**Data excerpt**
/---
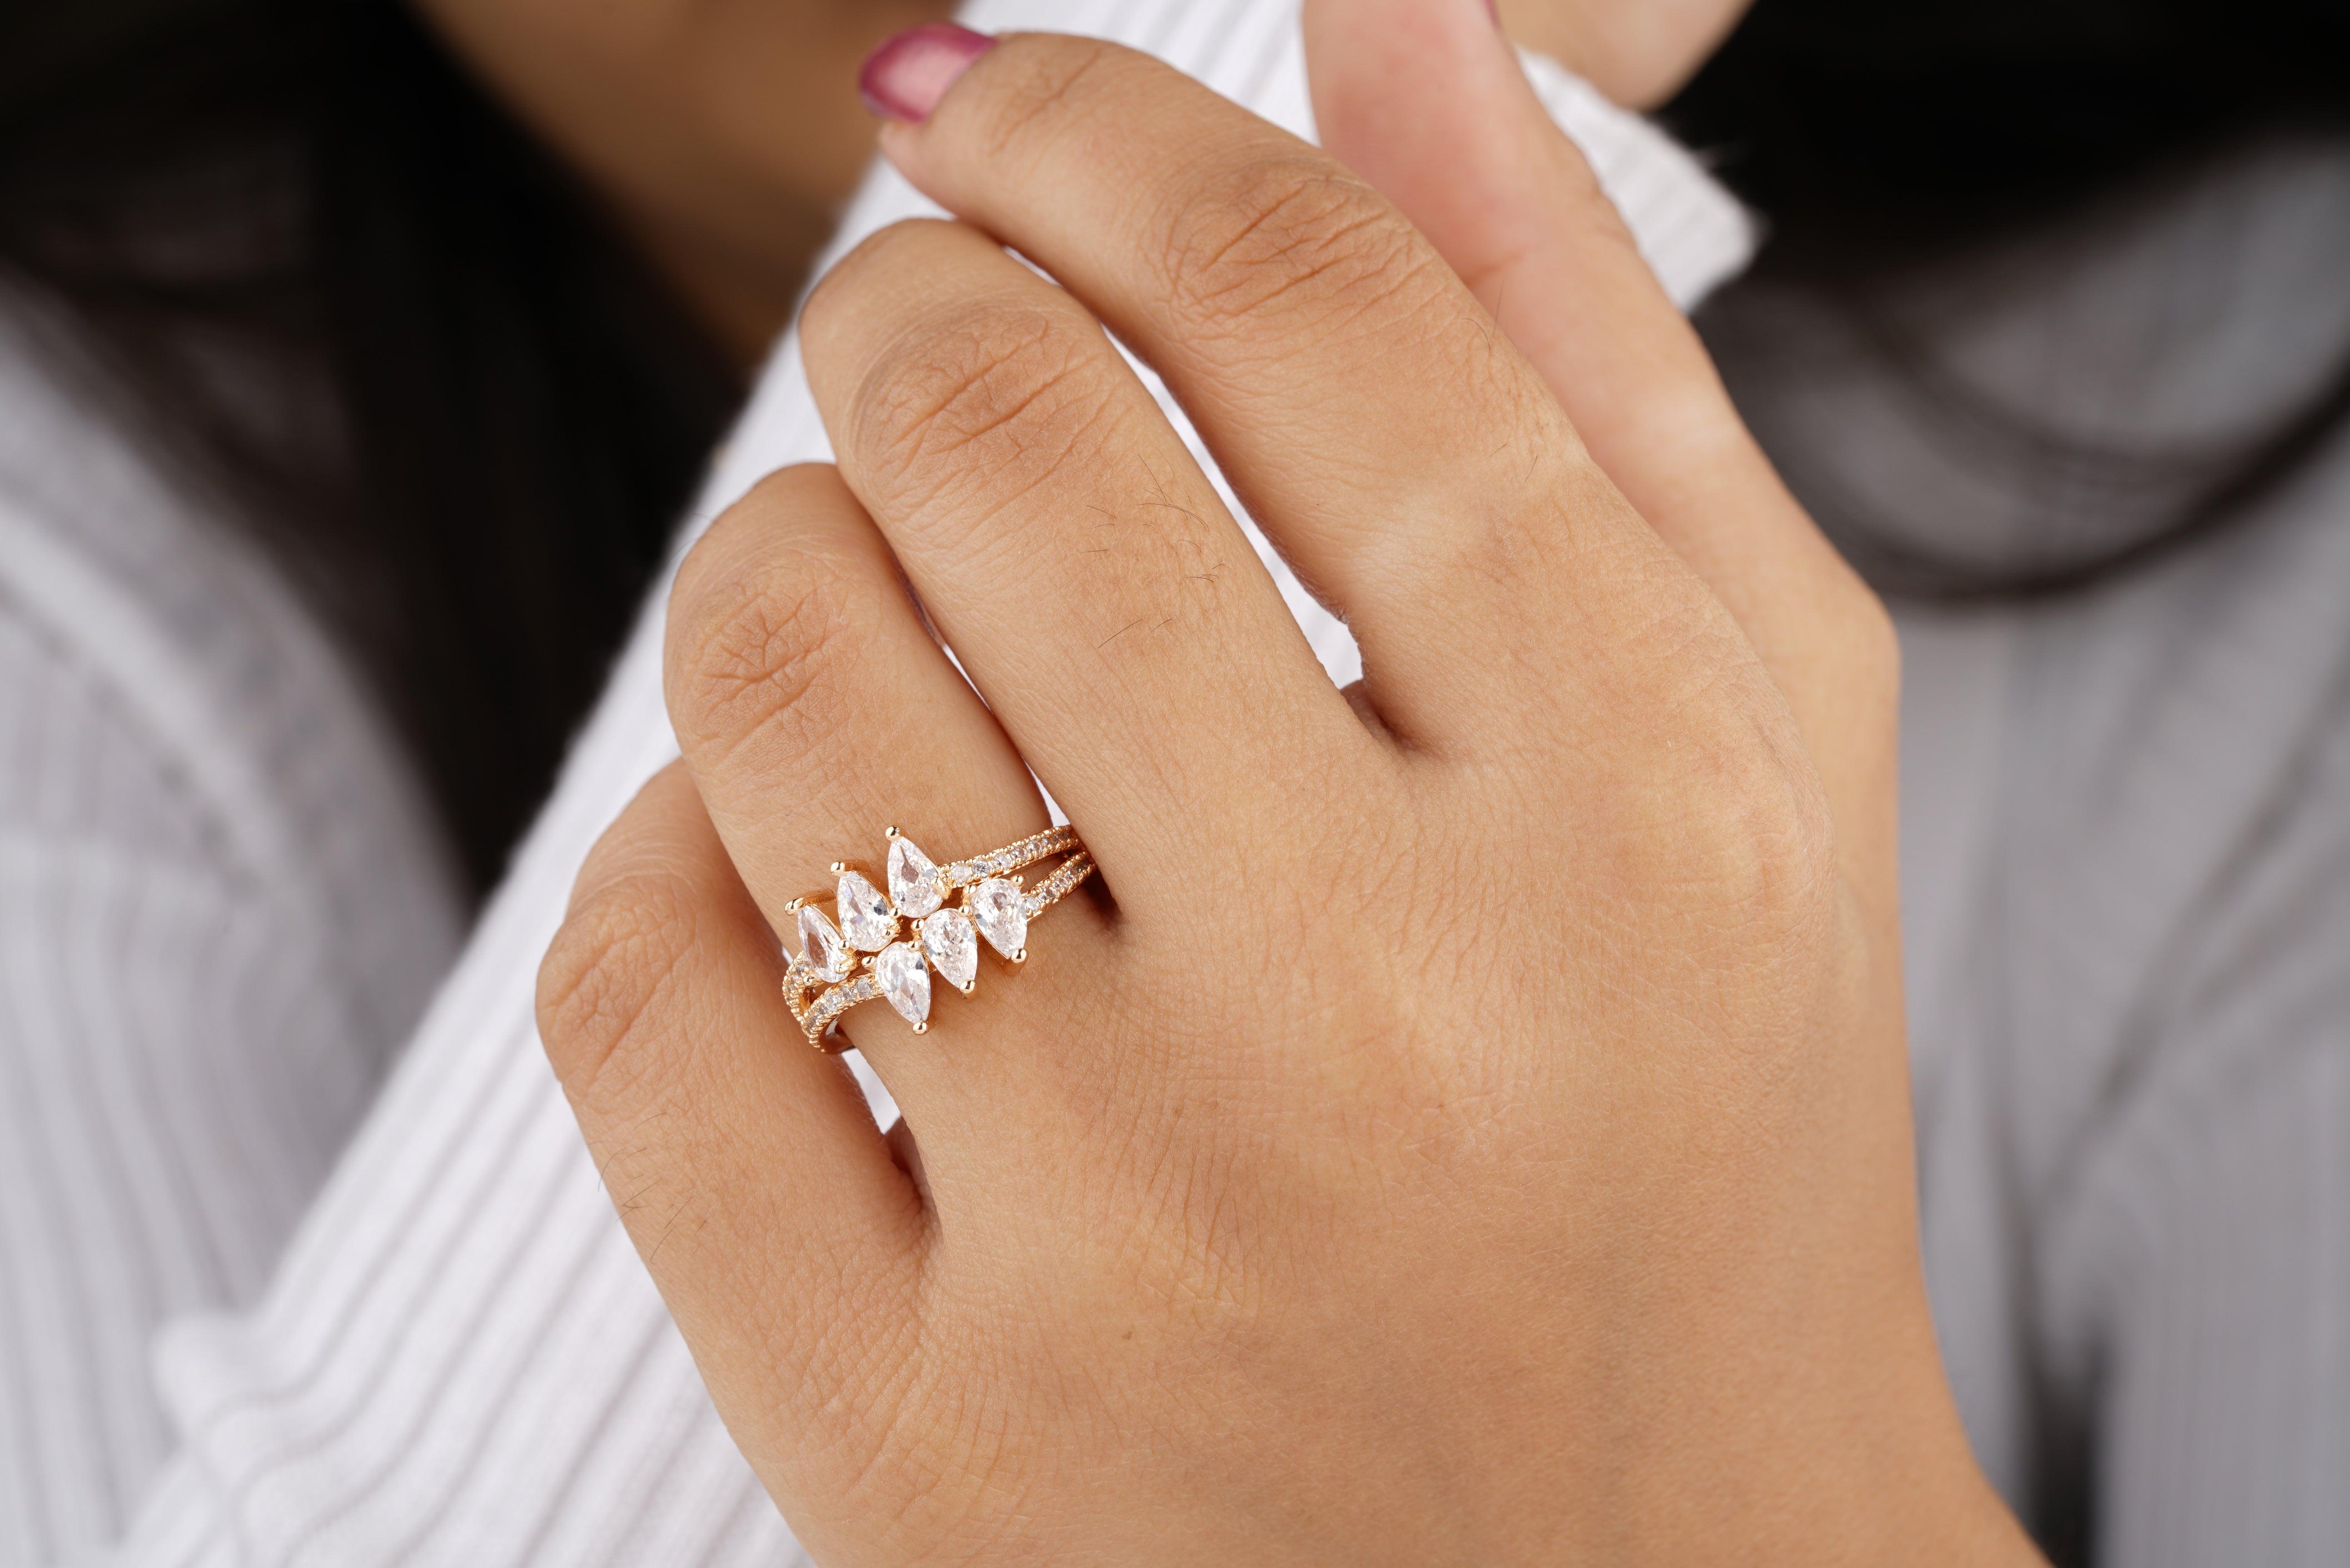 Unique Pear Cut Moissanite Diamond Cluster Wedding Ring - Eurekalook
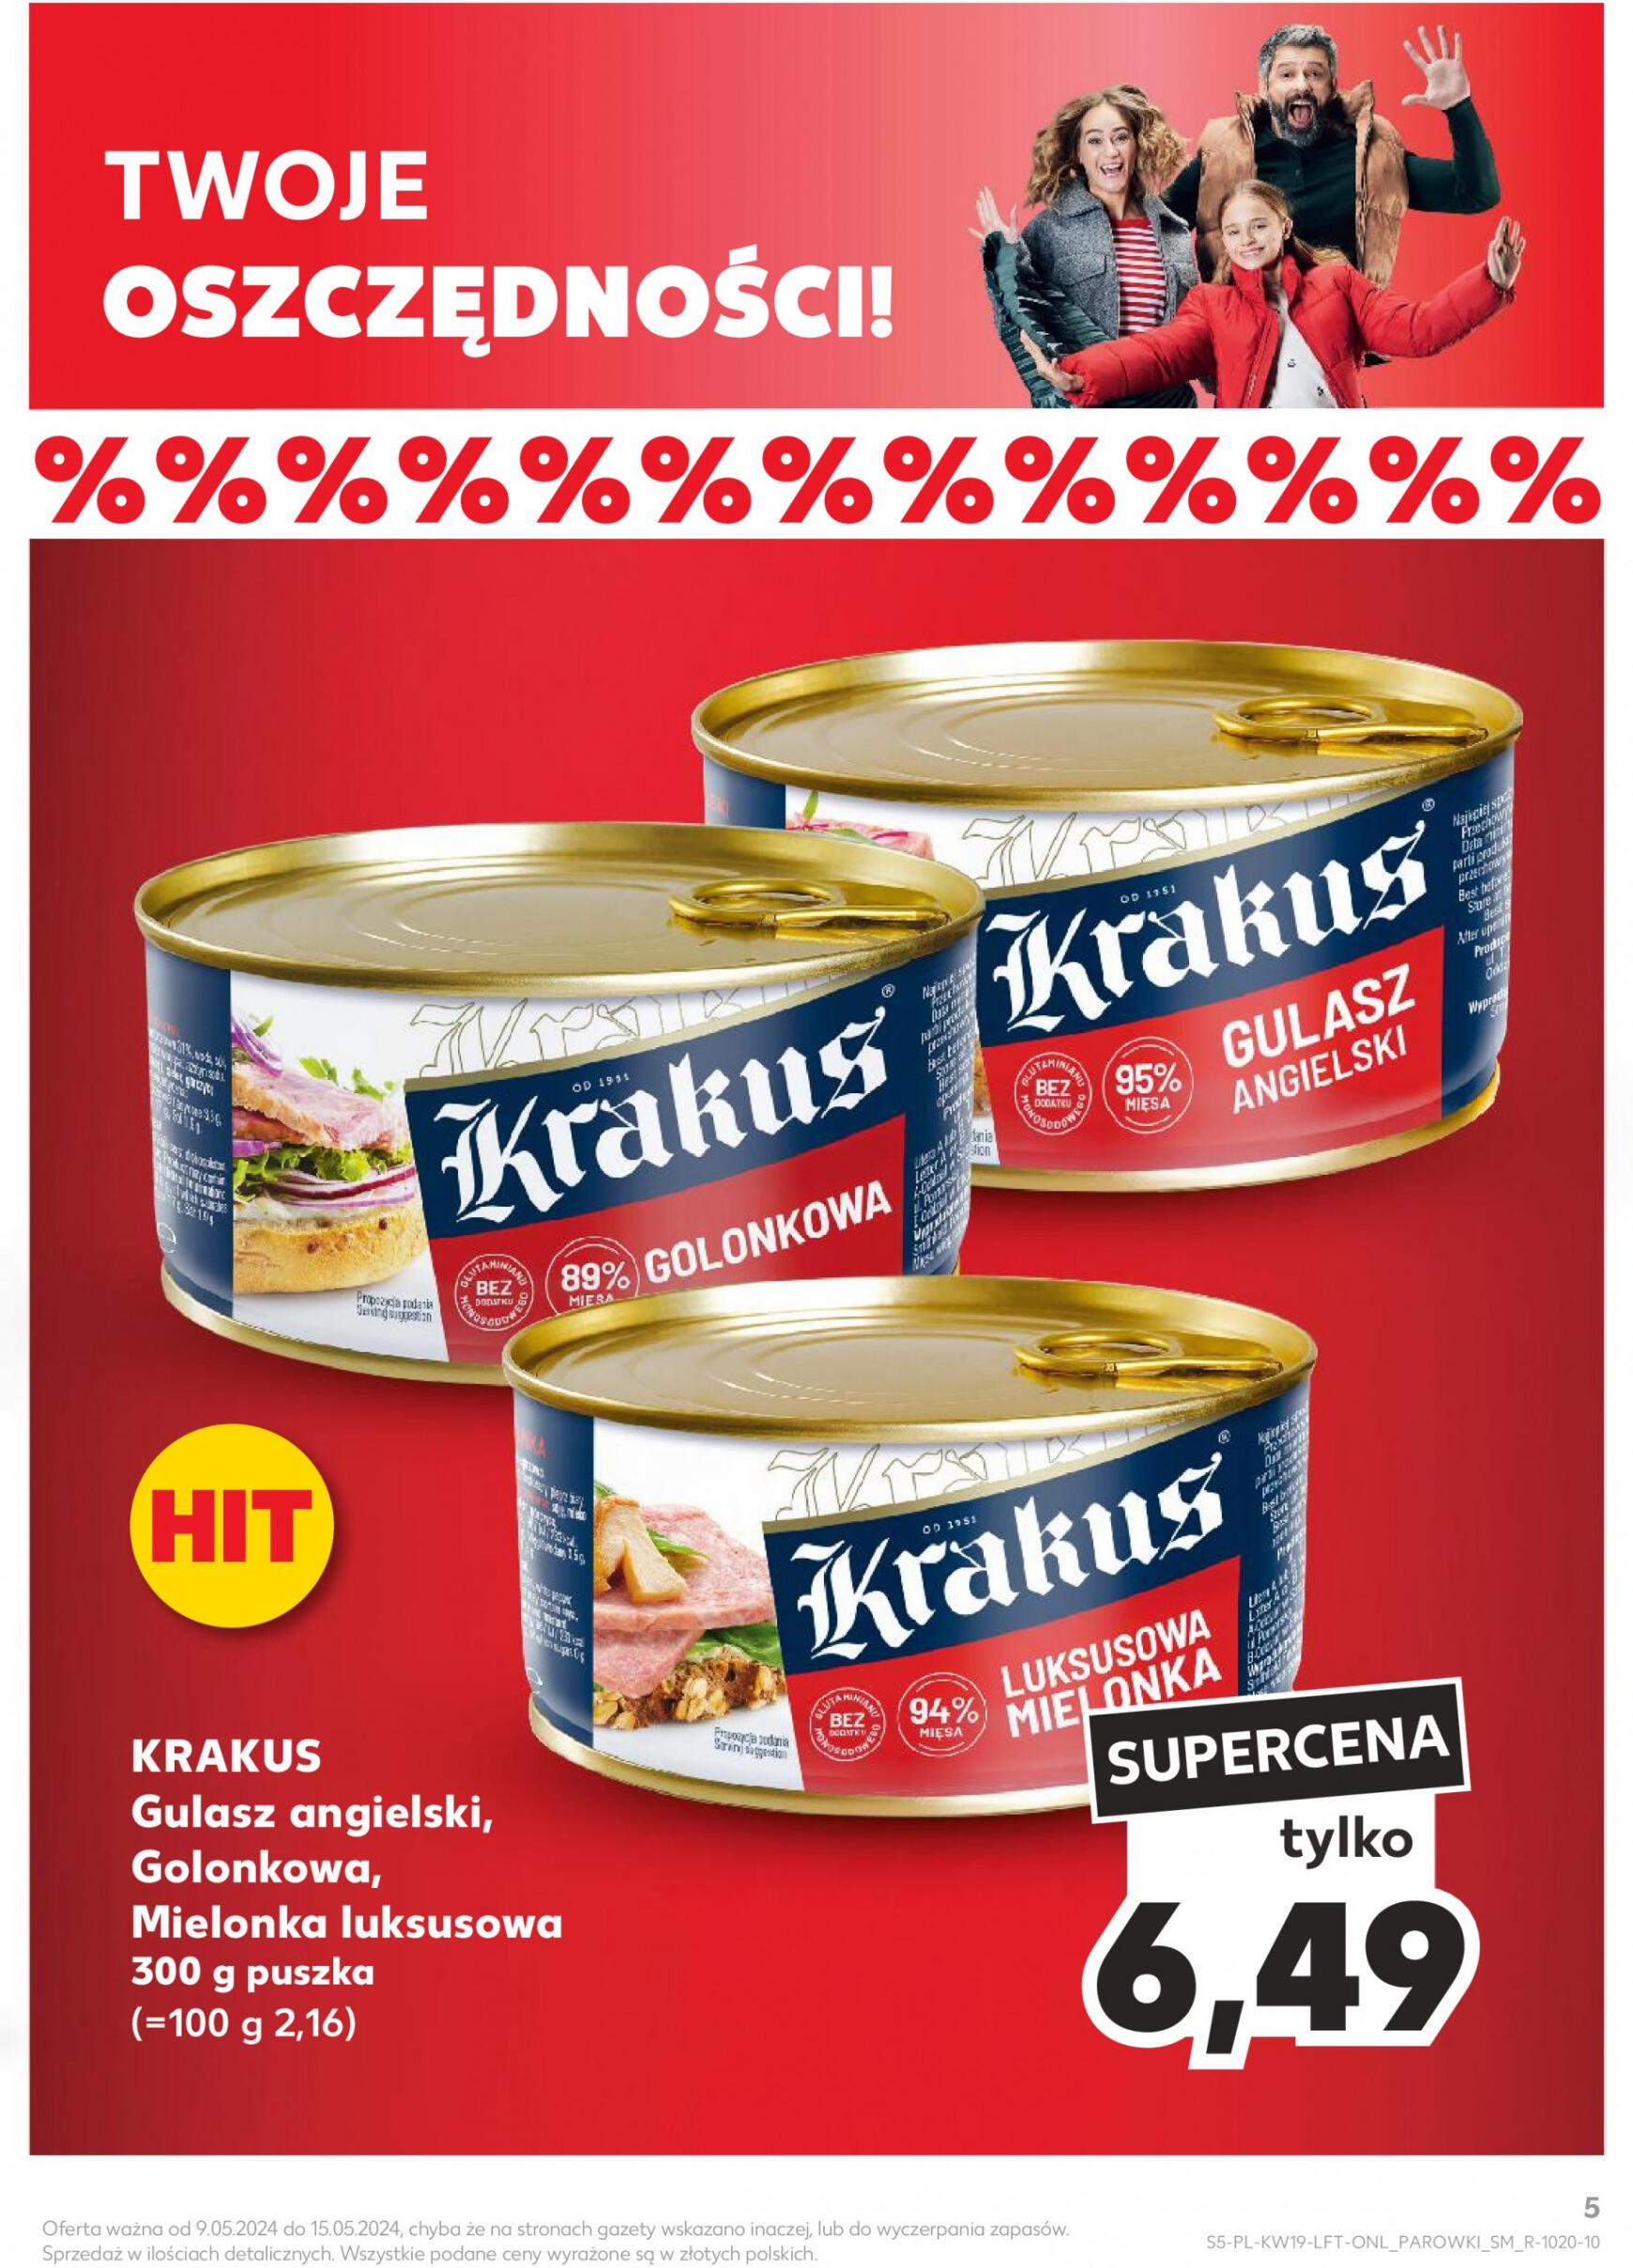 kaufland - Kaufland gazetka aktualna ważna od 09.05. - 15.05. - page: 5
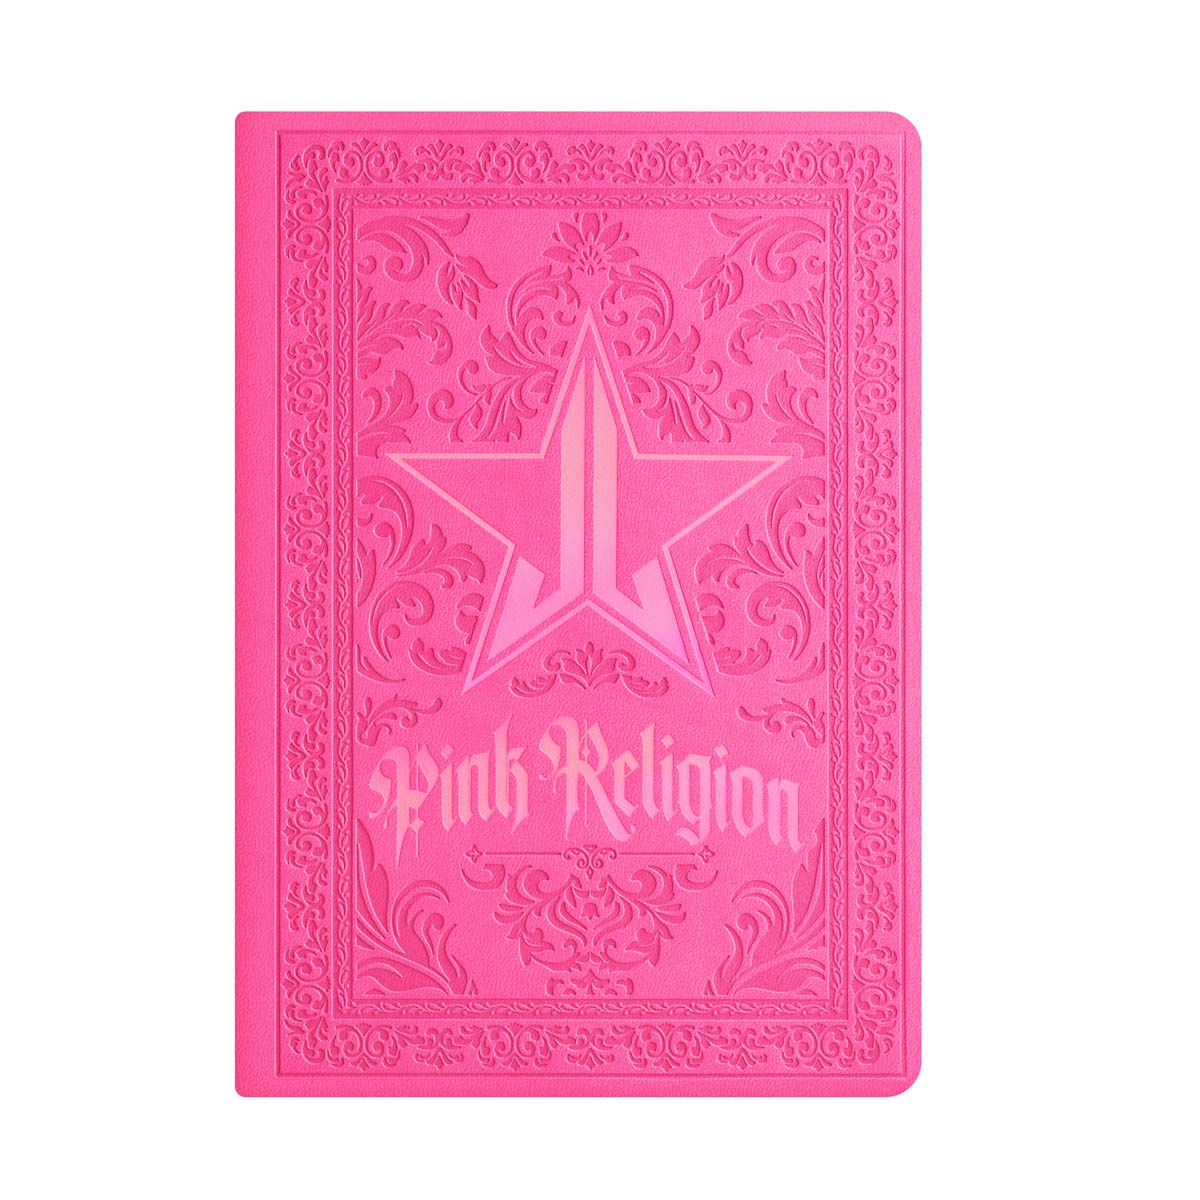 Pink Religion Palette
\---
**Goal of the exercise**
Reproduce the data word for word, excluding its pictures.

**Solution**
 Unique Pear Cut Moissanite Diamond Cluster Wedding Ring - Eurekalook
 kaufland - Kaufland gazetka aktualna ważna od 09.05. - 15.05. - page: 5
 Pink Religion Palette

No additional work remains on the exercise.